Appellant complains that the jury was allowed to separate after receiving the judge’s charge, and when about to. retire for the purpose of considering their verdict. The evidence shows that the separation was momentary and accidental and afforded not the least chance for any member of the jury to communicate with any outsider; the facts being that, as the jury was filing out of court in charge of two deputy sheriffs, part of them passed into the corridor accompanied by one deputy, and part of them stopped in the courtroom to get water, in full sight of the other deputy and of the judge. Meanwhile the door of the courtroom slammed shut, thus separating the jury for a moment. The door was reopened at once, and the jury *824again brought together, to wit, in the time that it took one juror to answer a slight call of nature in sight of a deputy.

In State v. Gunn, 147 La. 373, 386, 85 South. 44, 49, this court approved the doctrine announced on ample authority, in State v. Craighead, 114 La. 90, 38 South. 28, that:

“Where it affirmatively appears that no prejudice to the accused can have resulted, the mere separation of the jury is an insufficient cause for setting aside the verdict.”

Bill of Exception No. 4.

After a motion for a new trial had been heard and overruled, after sentence had been imposed, and after defendant had! appealed, he moved the trial court to reconsider its ruling refusing him a new trial, and set up in support thereof alleged newly discovered evidence.

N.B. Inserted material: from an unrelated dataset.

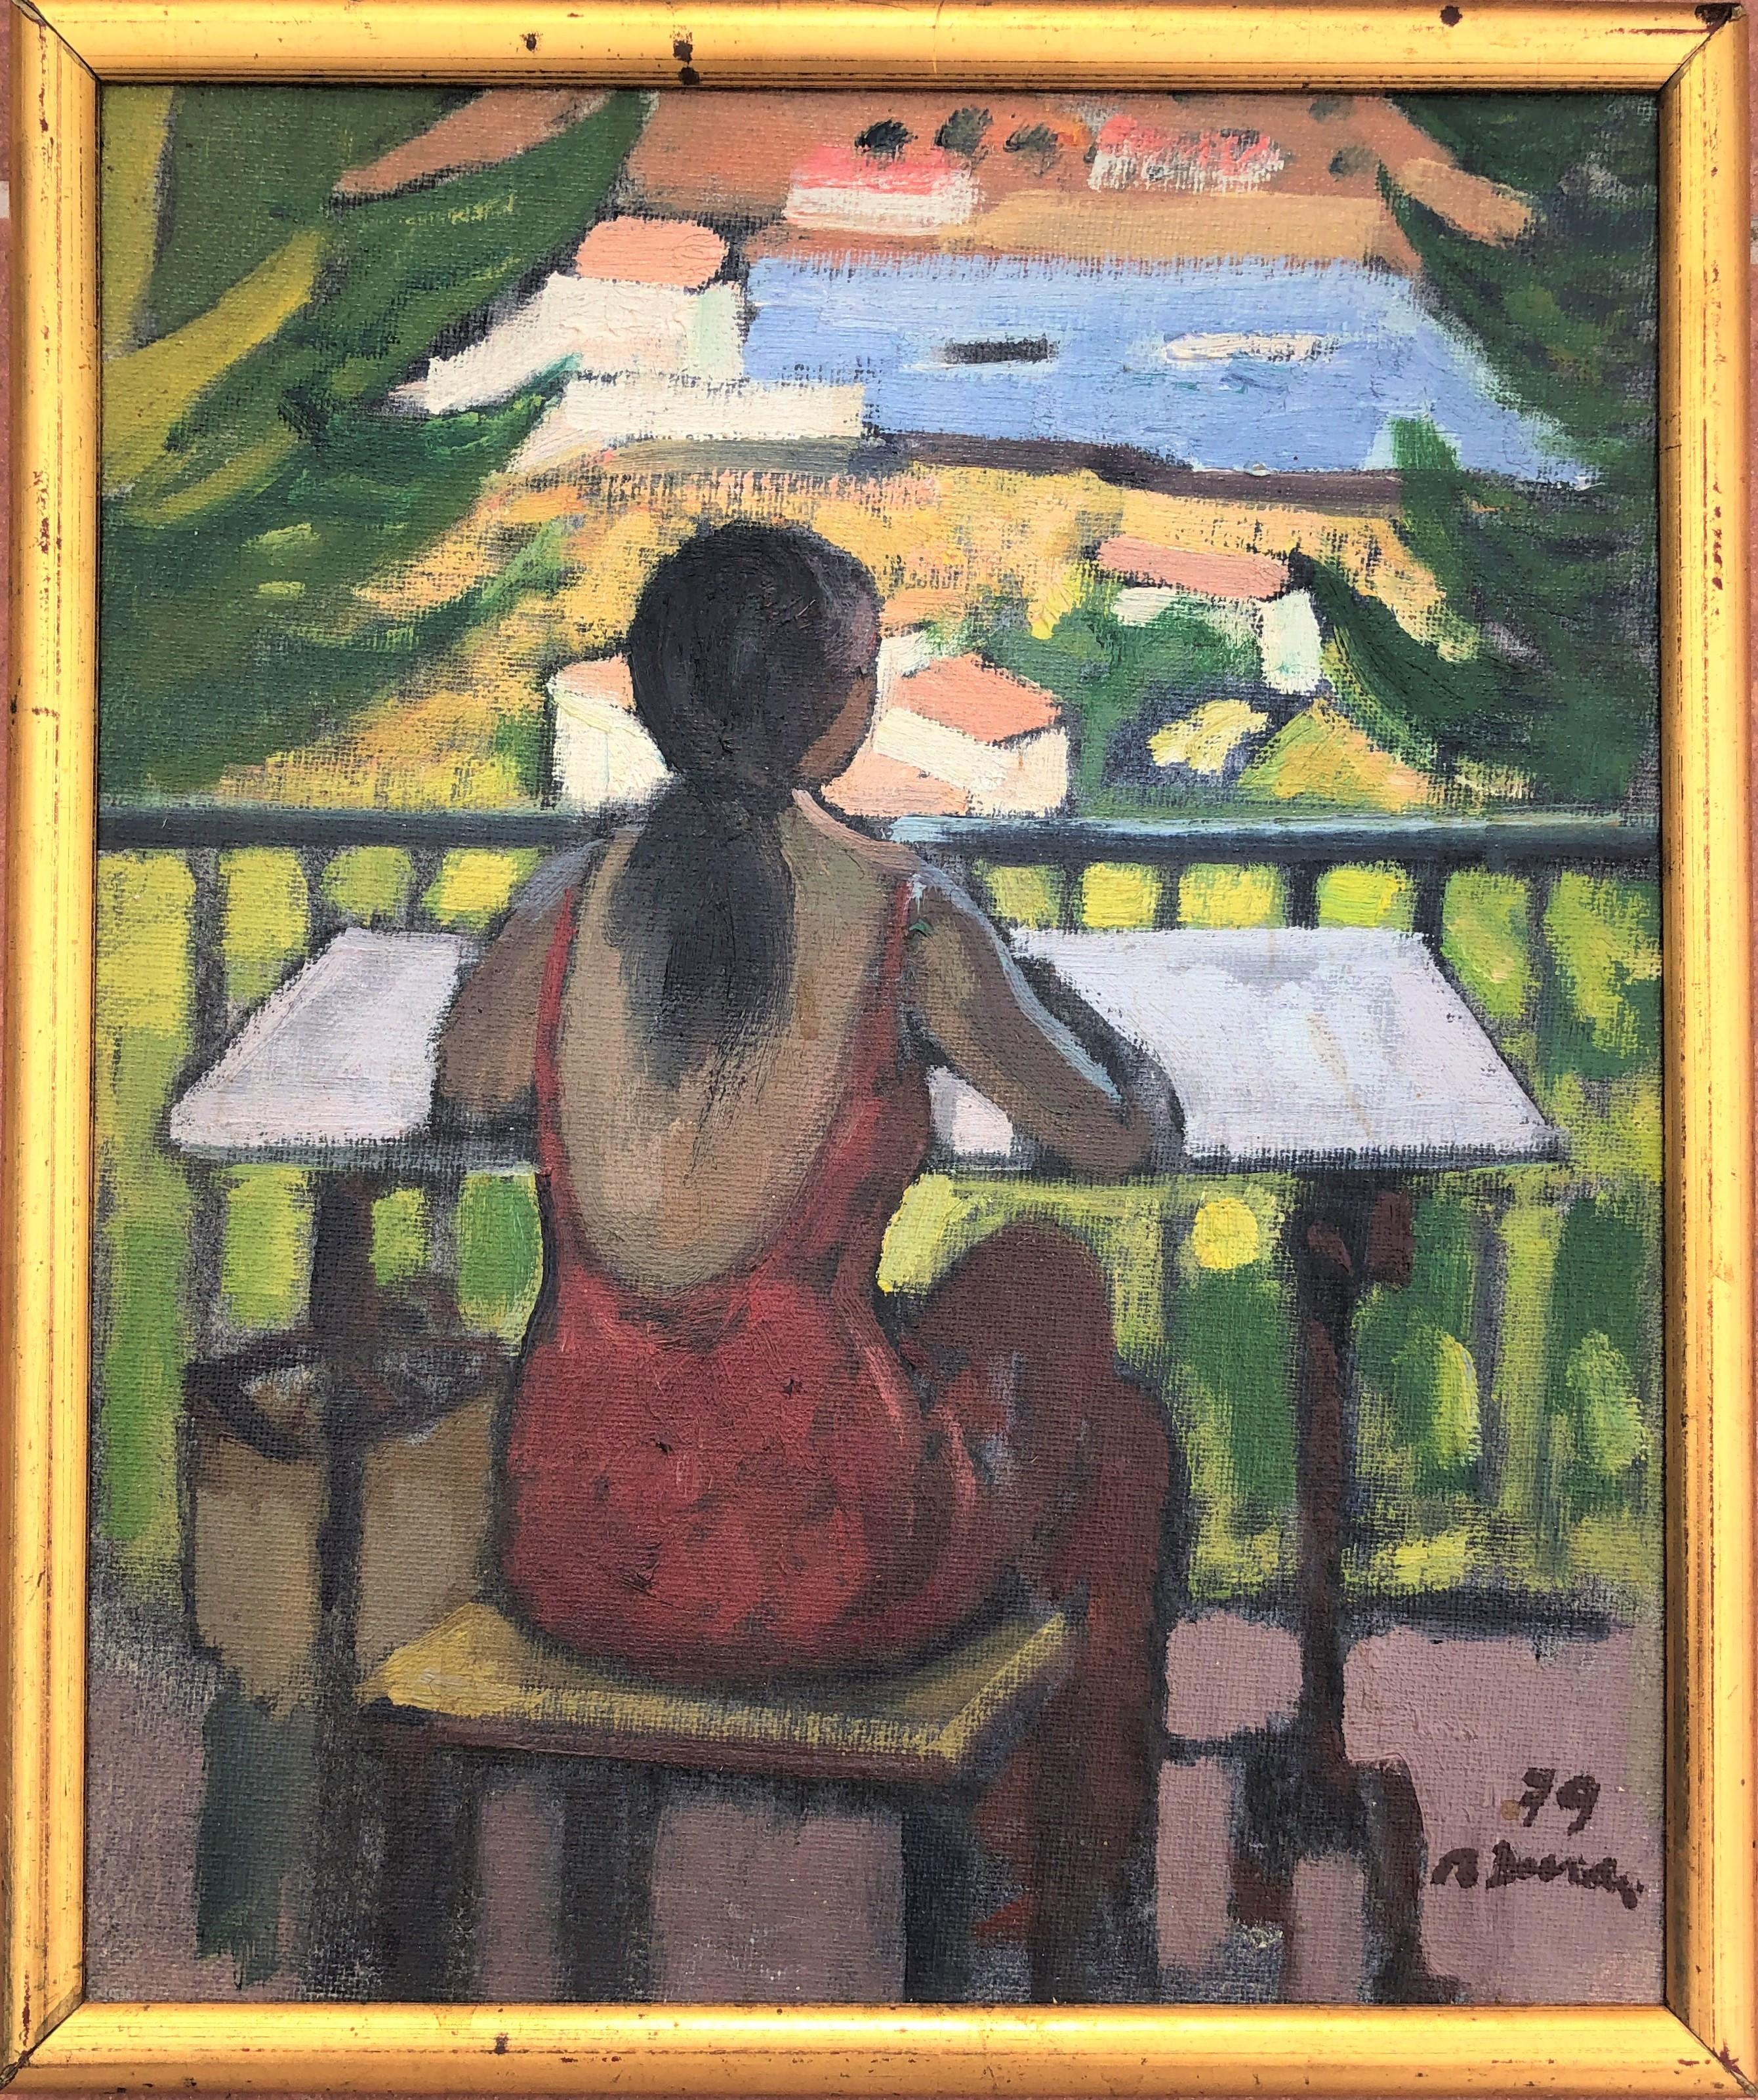 Woman on the balcony, Cadaques Spain seascape oil painting - Painting by Rafael Duran Benet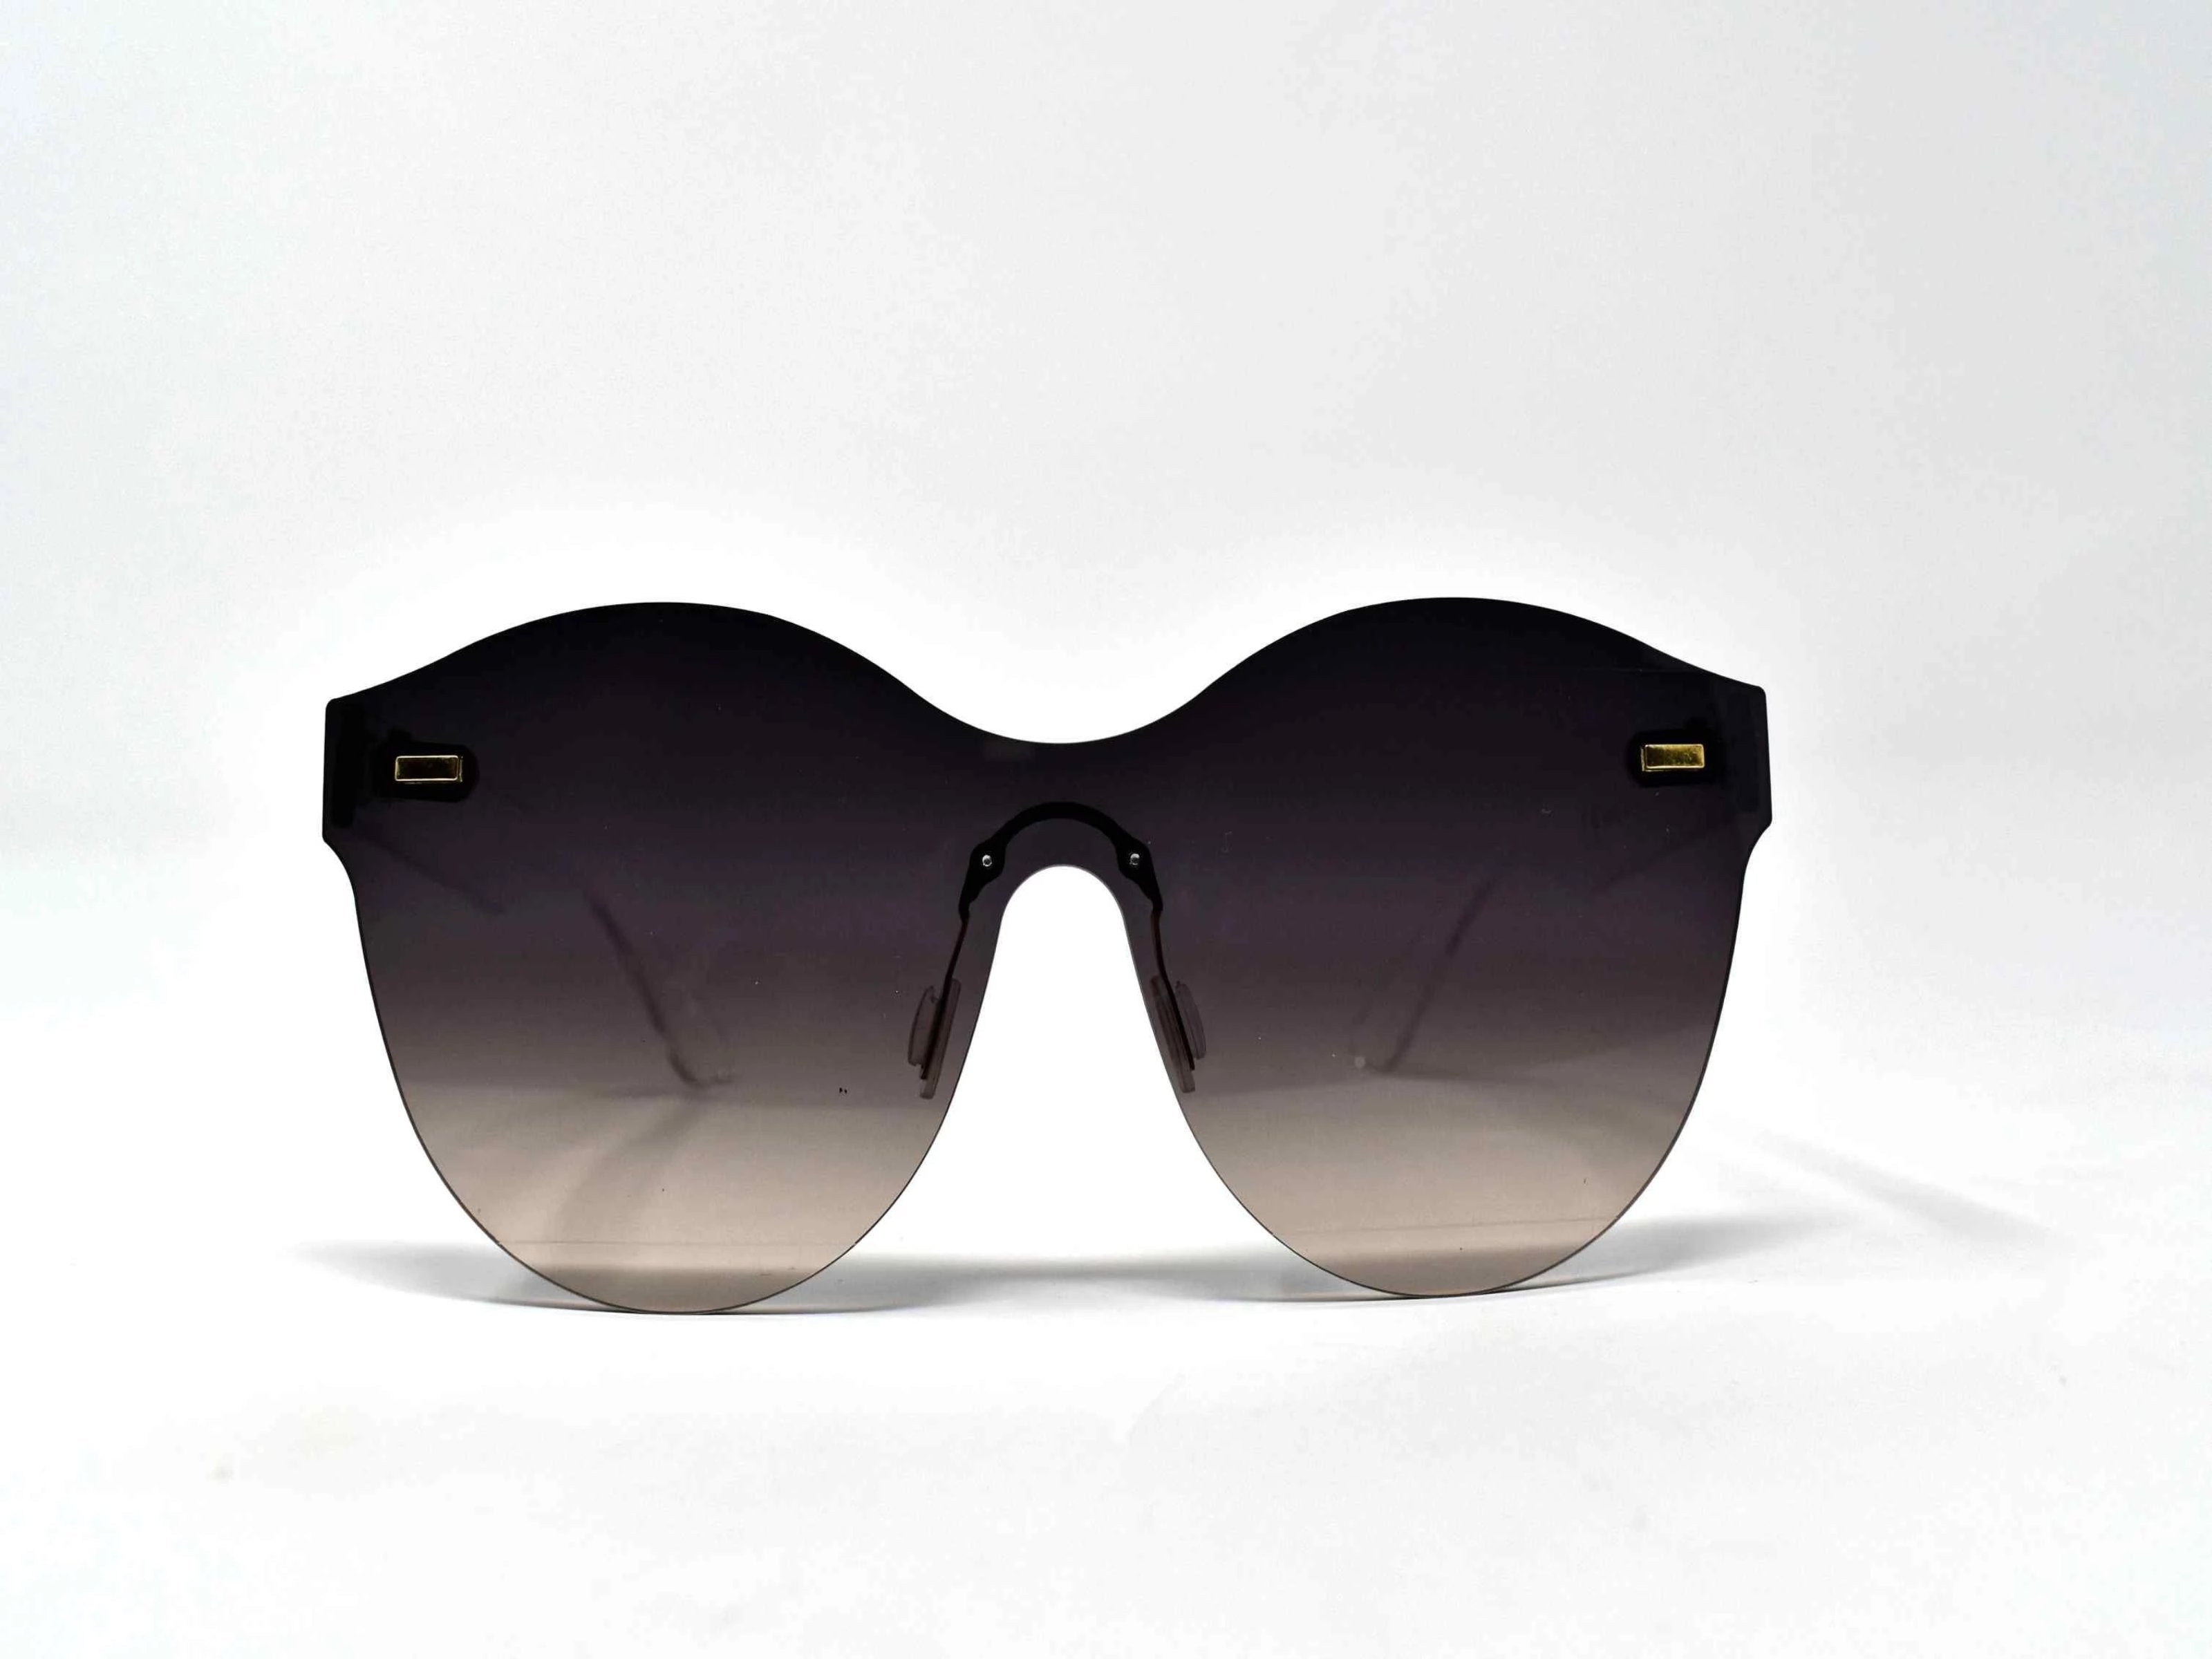 Its just a good vibe in these sage no rim sunglass frames with a black to gray ombre lens.

It is manifest that there must be a limit to the number of applications for a new trial which an accused may make; otherwise there is no reason why he should ever suffer the penalty of the law, hence:

“In the absence of statute permitting successive applications, defendant is, as a general rule, entitled to make only one motion for a new trial. If his motion is denied, his right to move is exhausted.” 16 Corpus Juris. 1120.

In State v. Smith, 46 La. Ann. 1433, 16 South. 37, this court held that a motion for a new trial should be made before sentence • is pronounced, and may not even be filed if made afterwards. Still less can such a motion be made (even though termed supplemental) after an appeal has been taken. State v. Offutt, 38 La. Ann. 364.

Decree.

The judgment appealed from is therefore affirmed.

O’NIBLL, C. J., dissents from the ruling on bill No. 1.